# Lack of Zero Floor on Tracker Mortgages About to be Tested



## Lightning (30 Jun 2019)

There is speculation that the ECB might cut the refinance rate from 0.00% to -0.10% on 25 July or later this year. 

This should mean that a 70 bps tracker drops to 0.60% unless there was a zero floor clause in the tracker contract. 

Davy have told the Sunday Times: 
"Our understanding from engagement with the domestic banks is that loan documentation does not include any zero floor on the reference rate itself,” but if rates were to drop further "all the main banks told Davy it was unlikely that they could end up having to pay interest on tracker mortgages if rates fell far enough" but they could not offer "absolute assurance" on this. 
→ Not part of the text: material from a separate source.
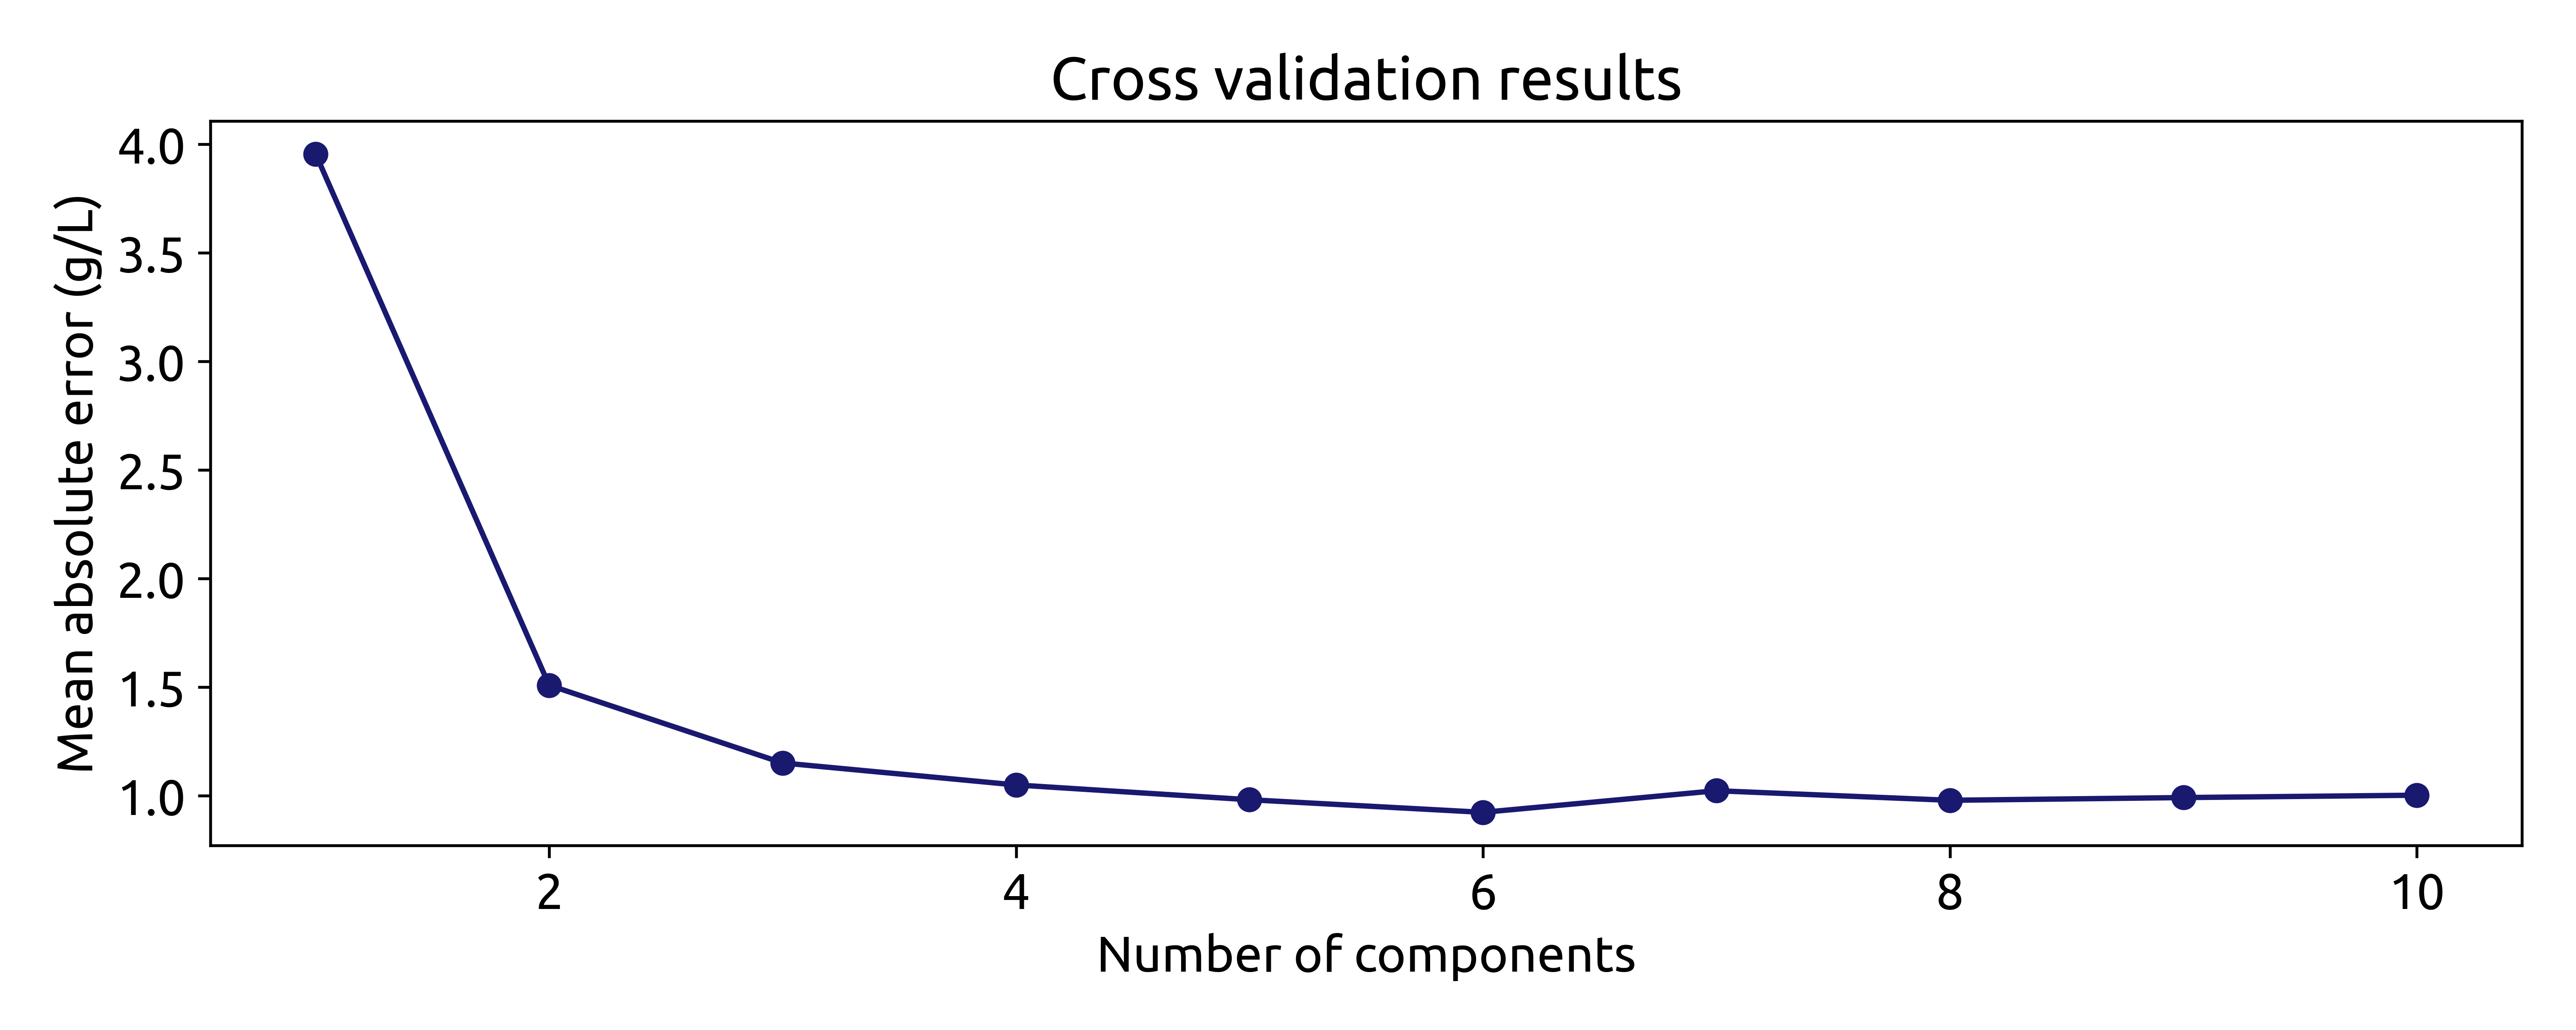 Cross validation results

So will banks drop tracker rates if the refinance rate goes negative? Seems that yes they will but only up to the point that the mortgage rate itself hits zero.


----------



## NoRegretsCoyote (30 Jun 2019)

I doubt anyone thought back in 2004 that negative rates were in the possible universe of outcomes.


----------



## elacsaplau (30 Jun 2019)

NoRegretsCoyote said:


> I doubt anyone thought back in 2004 that negative rates were in the possible universe of outcomes.



I understand where you are coming from but...…....the academic debate on negative interest rates goes back well over a hundred years - with Silvio Gesell being generally recognised as its first proponent.

I'd argue that the possibility of negative interest rates was foreseeable back in 2004! Very simply, Euro interest rates were then at 2% and Japan was already at 0% and there was debate at that time whether Japan could go negative!

If you think about it, the then long-term trajectory of interest rates in developed economies had been one of interest rate reductions. Consider, for example, what rates would have been in 1994 and 1984 - so surely a reasonable question to have asked then (i.e. in 2004) is whether this trend could continue and how far it could go?!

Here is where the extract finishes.